By Jamie Freed
(Reuters) – Air New Zealand Ltd said on Thursday it was studying how it could use low-carbon technologies like electric, hybrid or hydrogen powered planes to dramatically reduce emissions from shorter and regional flights as soon as 2030.
Air New Zealand Ltd signed a memorandum with Airbus SE to investigate the potential impact of hydrogen-powered planes on their network, operations and infrastructure.
Airbus claimed it plans to launch a hydrogen aircraft on the market by 2035. This goal is seen as ambitious, according to analysts and industry professionals.
Greg Foran (Air New Zealand chief executive) said, “Seeing low carbon solutions in place to our short domestic and region flights in the coming decade is now a step closer.”

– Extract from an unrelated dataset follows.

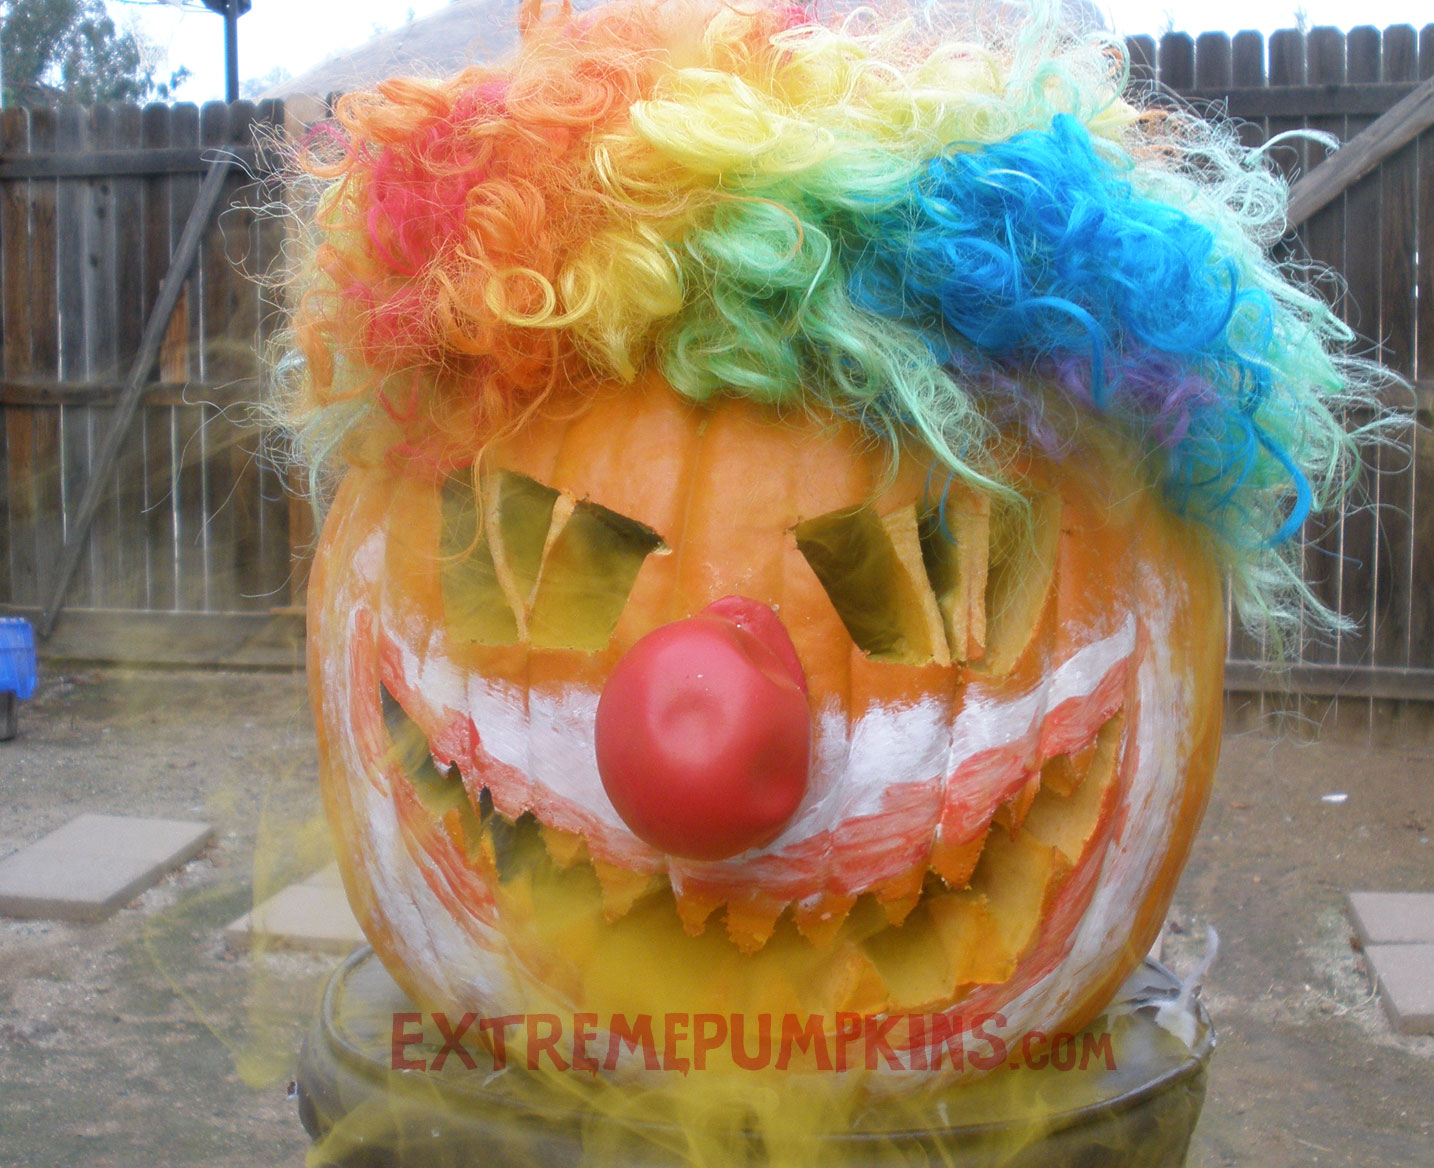 The Crazy Clown Pumpkin

Airbus and easyJet have already made similar hydrogen studies with Europe’s SAS (LON;) as other airlines strive to reach ambitious emission targets that are in line with their government-recorded commitments.
Around 2.5% of the world’s carbon emissions are caused by aviation.
European manufacturers said that the deal with Air New Zealand would enable them to get feedback from airlines about their preferences, configuration, and performance in zero-emissions aircraft.
A spokesperson for Airbus said that they are currently in discussions with other airlines to conduct similar studies.
Air New Zealand has just launched a new environmental technology initiative. It partnered in 2018 with ATR turboprop manufacturer, which is part of Airbus. The goal was to develop hybrid-electric regional airplanes.
Airbus last year unveiled three visual concepts for hyrdogen-powered planes and set itself a deadline of 2035 to put a carbon-free commercial aircraft in service, a target engine makers like Safran (PA:) have described as ambitious.
European planemaker Airbus says that radical technology is necessary to assist the industry in meeting climate goals. However, U.S. competitor Boeing (NYSE:) Co believes it is safer to be cautious and say that sustainable liquid fuels are the most important to the efforts to decarbonise aviation because they have the infrastructure to support them.
Airbus told European Union officials in June that the majority of airliners would continue to use traditional engines through 2050. Zero-emission hydrogen aircraft will be primarily used for regional and short-range flights starting 2035.